Looking for a Software Engineer with knowledge in Hadoop and Spark. Experience with data mining, Data Governance Frameworks and stream processing technologies (Kafka, Spark Streaming)
- Develop Spark applications by using Scala and deploy Spark streaming applications with optimized no. of executors, write ahead logs & check point configurations.
- Develop Spark code using Scala and Spark-sql for faster testing , processing of data, improving the performance and optimization of the existing algorithms using Spark-context, Spark-sql, Data Frames, Pair Rdd’s, Spark yarn.
- Design multiple POC’s/prototype using Spark and deploy on the yarn cluster, compare the performance of Spark with sql. also, create data pipeline for different events of ingestion, aggregation and load corresponding data into glue catalog tables in HDFS location to serve as feed for abstraction layer and downstream application.
- Coordinate with production warranty support group to develop new releases and check for the failed jobs to resolve the issue and work with QA in creating test cases, and assist in creating implementation plans.
- Create Elastic MapReduce(EMR) clusters and set up environments on amazon AWS EC2 instances and import data from AWS S3 into Spark Rdd, perform transformations and actions on Rdd’s.
- Collect data using Spark streaming from AWS S3 bucket in near-real-time and performs necessary transformations and aggregations to build the data model and persists the data in HDFS.

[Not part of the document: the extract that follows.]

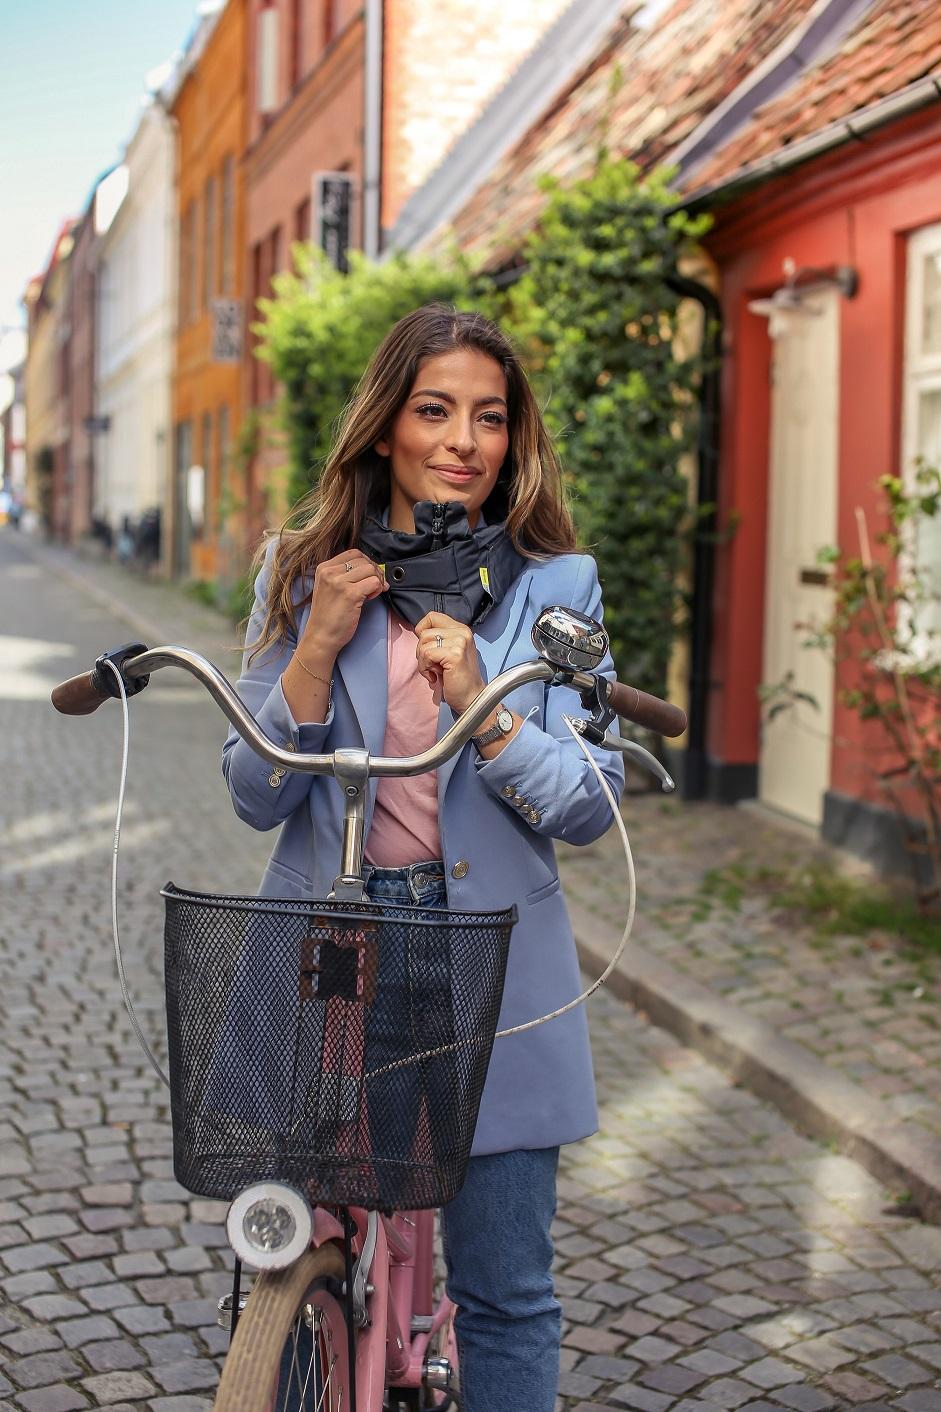 Viele Radfahrer wählen Hövding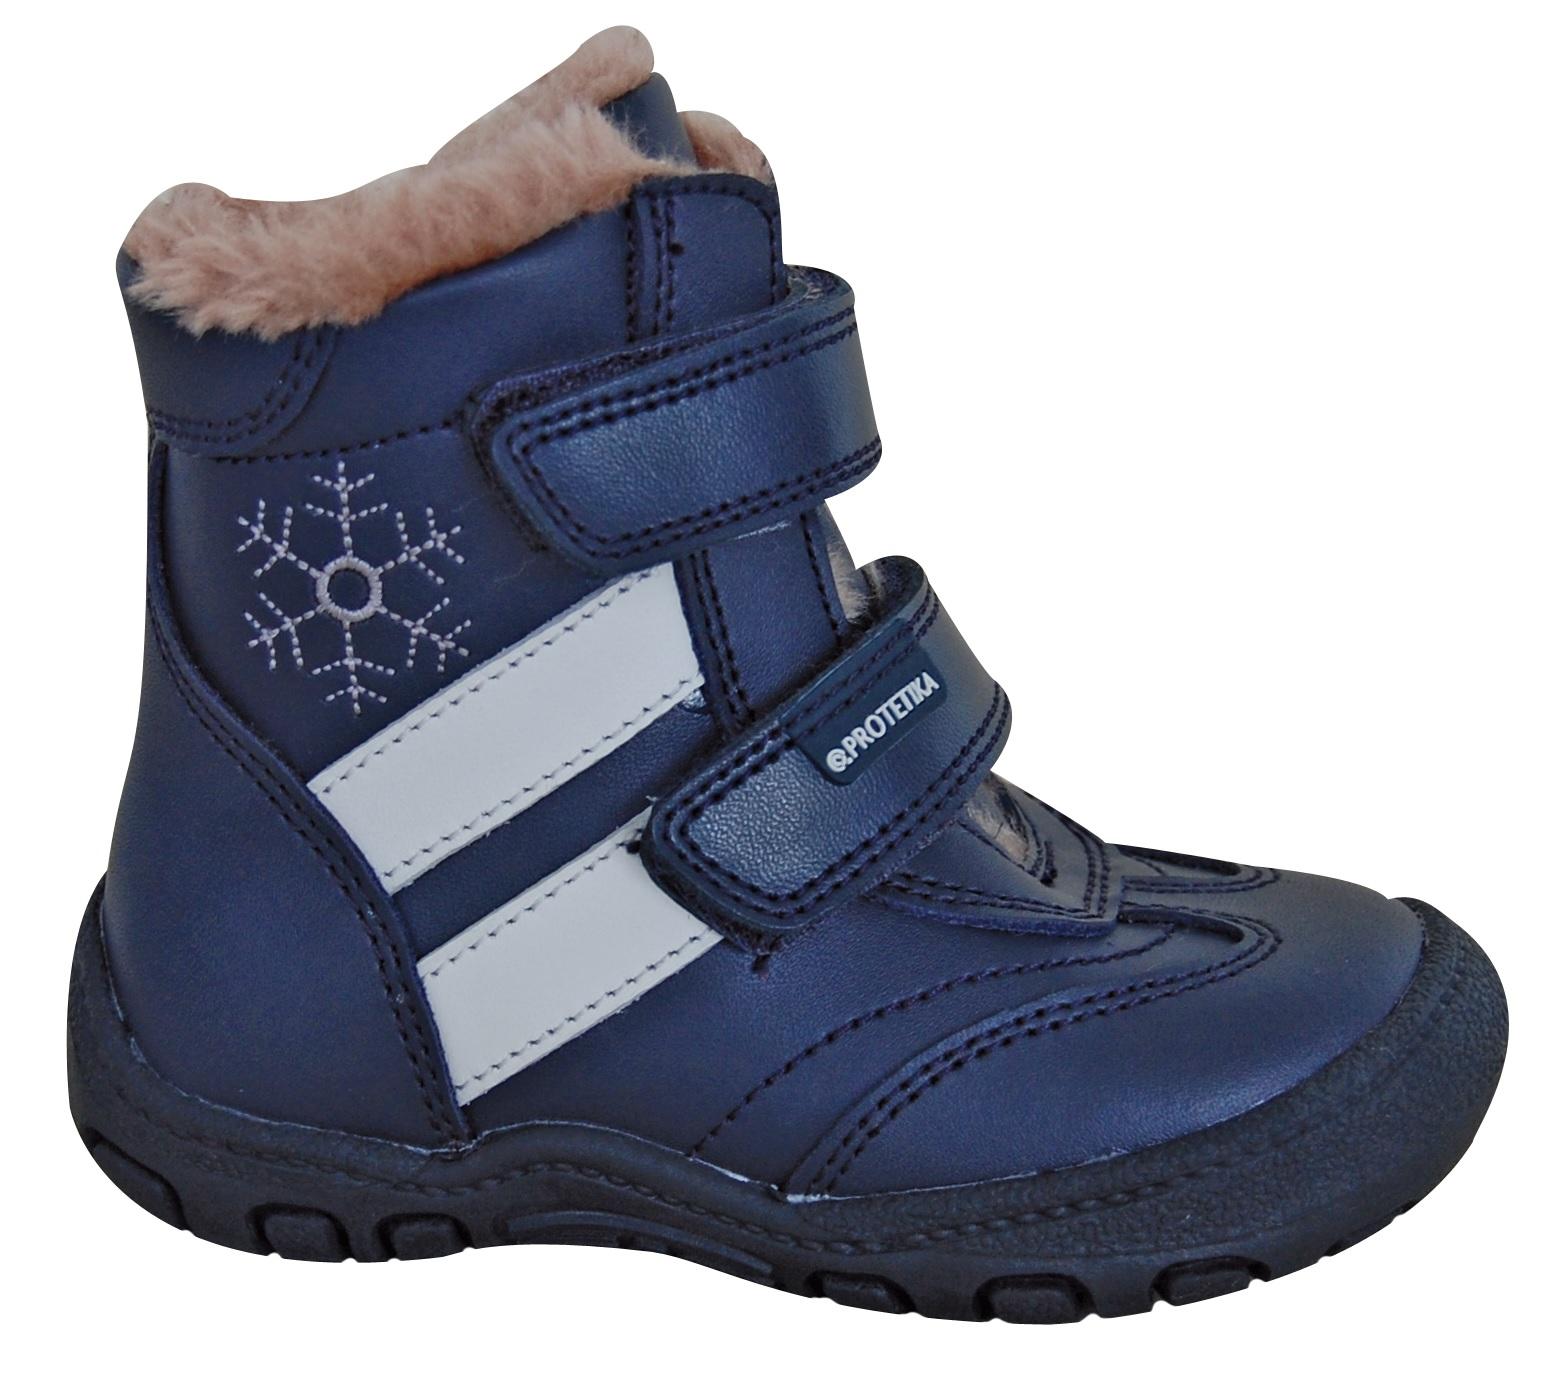 d7f357747 Protetika Chlapčenské zimné topánky Berger - modré, EUR 22 ...

- Working with Spark ecosystem using Spark sql and Scala queries on different formats like text file, csv file. extensively work with parquet file formats.
- Implement a mechanism for triggering the Spark applications on EMR on file arrival from the client.
- Work on continuous integration of application using Jenkins, rundeck and CICD pipelines. Coordinate with the team on many design decisions and translate functional and technical requirements into detail programs running on Spark.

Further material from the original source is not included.